We do have the same expansion of $$k^2$$.
Except, at the point where $$0 = \beta u - \beta^2 - \alpha^2$$, I solved for $$\beta$$ using the quadratic formula, and you used a more efficient method.

 

[OlderDan]

Here is what I have for the square norms calculation

$$\omega = \alpha + i\beta$$

$$v = u + i\omega = u + i\left( {\alpha + i\beta } \right) = u - \beta + i\alpha$$

$$k^2 = \frac{{\omega ^2 }}{{v^2 }}$$

$$\omega ^2 = \alpha ^2 + \beta ^2$$

$$v^2 = u^2 - 2u\beta + \beta ^2 + \alpha ^2 = u^2 - 2u\beta + \omega ^2$$

$$\frac{{\omega ^2 }}{{k^2 }} = u^2 - 2u\beta + \omega ^2$$

$$\omega ^2 = k^2 \left( {u^2 - 2u\beta + \omega ^2 } \right)$$

$$\left( {1 - k^2 } \right)\omega ^2 = k^2 u\left( {u - 2\beta } \right)$$

$$u - 2\beta = \left( {\frac{{1 - k^2 }}{{k^2 }}} \right)\frac{{\omega ^2 }}{u}$$

$$2\beta = u - \left( {\frac{{1 - k^2 }}{{k^2 }}} \right)\frac{{\omega ^2 }}{u}$$

$$\beta = \frac{u}{2} - \left( {\frac{{1 - k^2 }}{{k^2 }}} \right)\frac{{\omega ^2 }}{{2u}}$$

$$\alpha ^2 = \omega ^2 - \beta ^2 = \omega ^2 - \left[ {\frac{u}{2}^2 - \left( {\frac{{1 - k^2 }}{{2k^2 }}} \right)\omega ^2 + \left( {\frac{{1 - k^2 }}{{2k^2 }}} \right)^2 \left( {\frac{{\omega ^2 }}{u}} \right)^2 } \right]$$

$$\alpha ^2 = \omega ^2 - \omega ^2 \left[ {\frac{{u^2 }}{{2\omega ^2 }} - \left( {\frac{{1 - k^2 }}{{2k^2 }}} \right) + \left( {\frac{{1 - k^2 }}{{2k^2 }}} \right)^2 \left( {\frac{\omega }{u}} \right)^2 } \right]$$

$$\alpha = \omega \sqrt {1 - \frac{{u^2 }}{{2\omega ^2 }} + \left( {\frac{{1 - k^2 }}{{2k^2 }}} \right) - \left( {\frac{{1 - k^2 }}{{2k^2 }}} \right)^2 \left( {\frac{\omega }{u}} \right)^2 }$$

$$\alpha = \omega \sqrt {\left( {\frac{{1 + k^2 }}{{2k^2 }}} \right) - \frac{{u^2 }}{{2\omega ^2 }} - \left( {\frac{{1 - k^2 }}{{2k^2 }}} \right)^2 \left( {\frac{\omega }{u}} \right)^2 }$$

 

[OlderDan]

And here is what happens if you throw a 1/k into the imaginary part of v to fix the apparent dimensional inconsistency (pure speculation on my part). This is a square norm calculation.

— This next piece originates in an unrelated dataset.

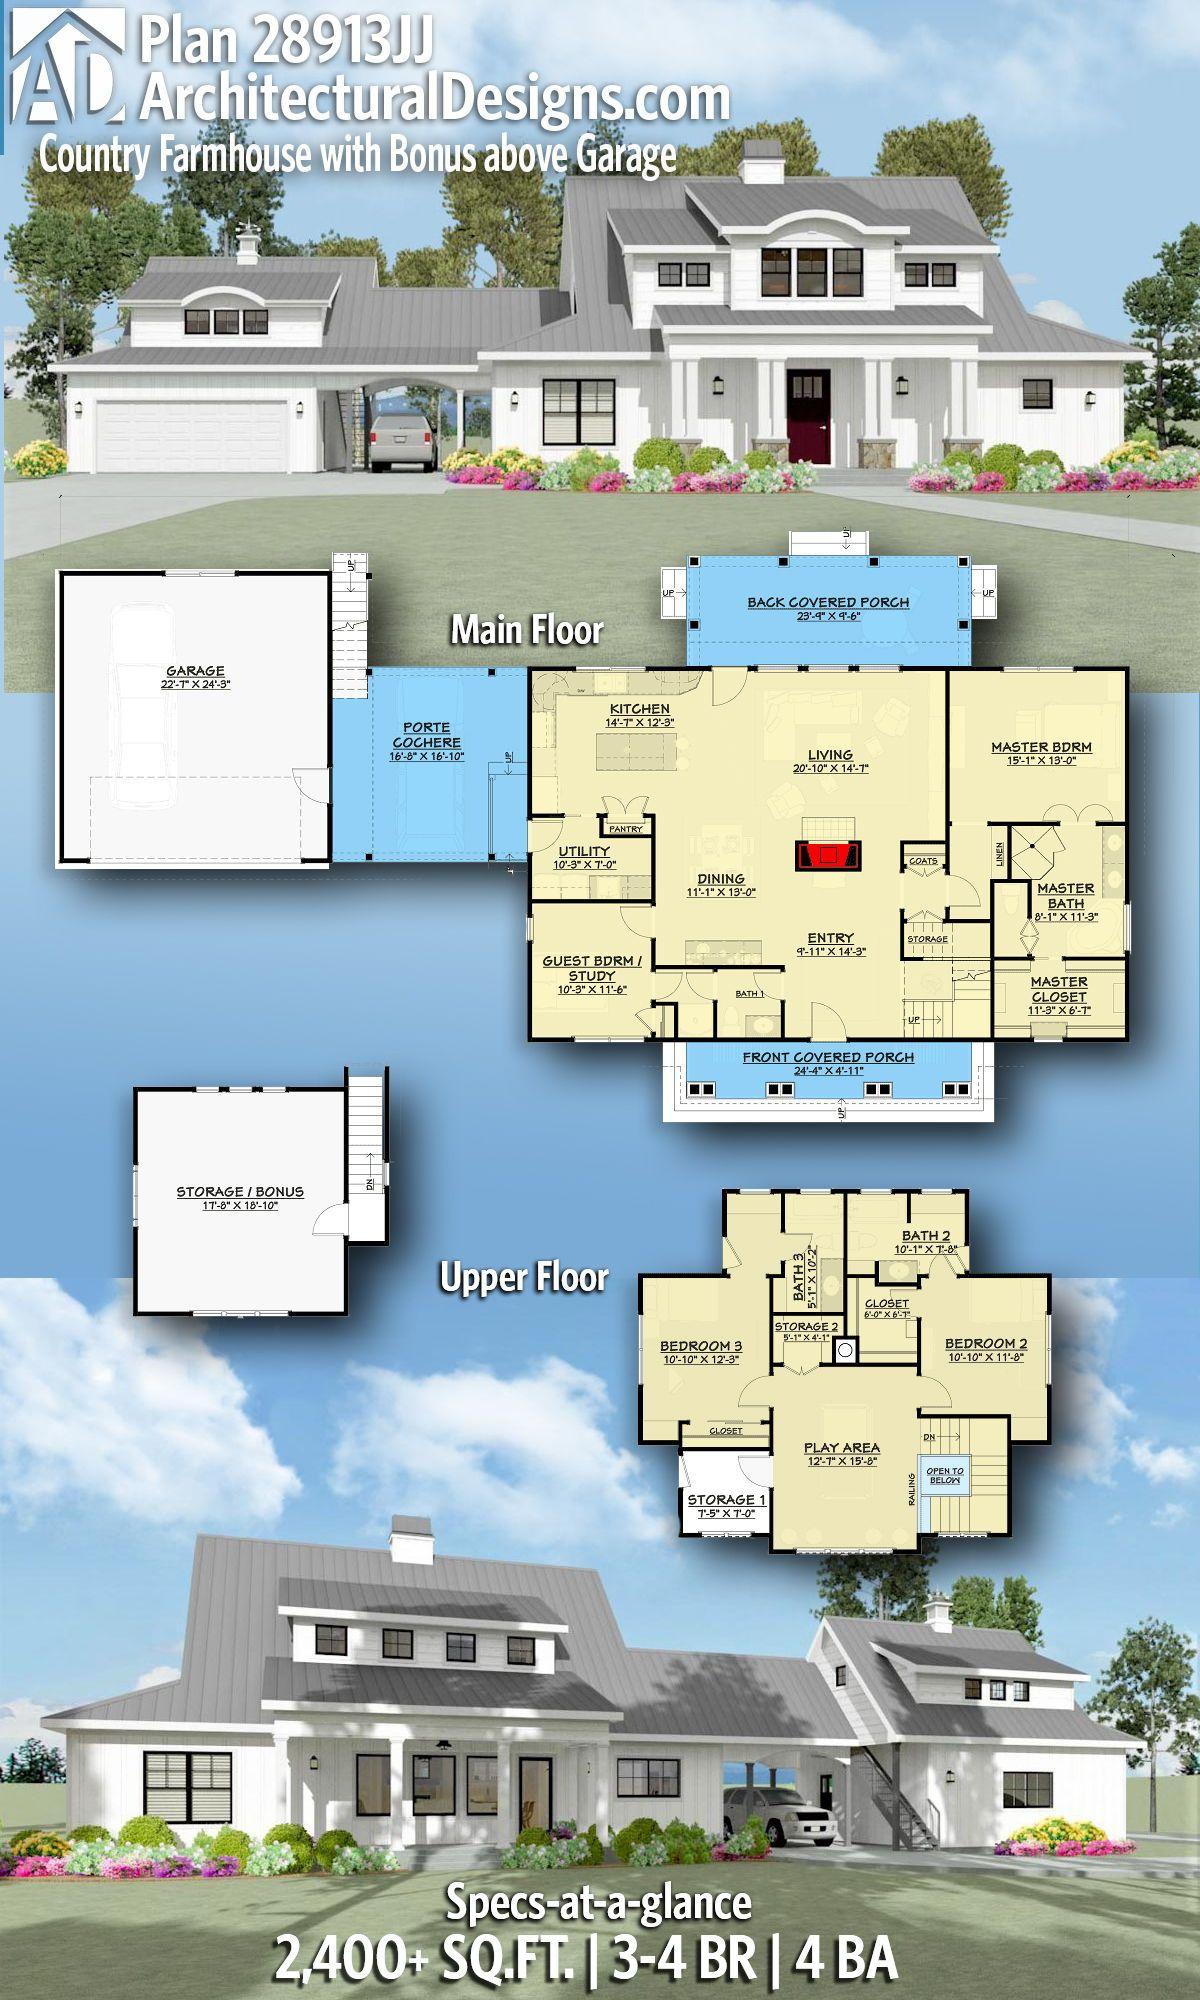 Plan 28913jj Country Farmhouse With Bonus Above Garage House Plans Farmhouse Dream House Plans House Plans

$$\omega = \alpha + i\beta$$

$$v = u + i\frac{\omega }{k} = u + i\left( {\frac{\alpha }{k} + i\frac{\beta }{k}} \right) = u - \frac{\beta }{k} + i\frac{\alpha }{k}$$

$$k^2 = \frac{{\omega ^2 }}{{v^2 }}$$

$$\omega ^2 = \alpha ^2 + \beta ^2$$

$$v^2 = u^2 + \left( {\frac{\beta }{k}} \right)^2 - 2u\frac{\beta }{k} + \left( {\frac{\alpha }{k}} \right)^2 = u^2 - 2u\frac{\beta }{k} + \frac{{\alpha ^2 + \beta ^2 }}{{k^2 }}$$

$$v^2 = u^2 - 2u\frac{\beta }{k} + \frac{{\omega ^2 }}{{k^2 }} = u^2 - 2u\frac{\beta }{k} + v^2$$

$$0 = u^2 - 2u\frac{\beta }{k}$$

$$\frac{{2\beta }}{k} = u$$

$$\beta = \frac{{ku}}{2}$$

$$\alpha ^2 = \omega ^2 - \beta ^2 = \omega ^2 - \left( {\frac{{ku}}{2}} \right)^2$$

$$\alpha = \omega \sqrt {1 - \left( {\frac{{ku}}{{2\omega }}} \right)^2 }$$

 

[piano.lisa]

Thank you for that part as well.
Another student also recognized that dimensional inconsistency, and has asked the professor, but is still waiting for a response.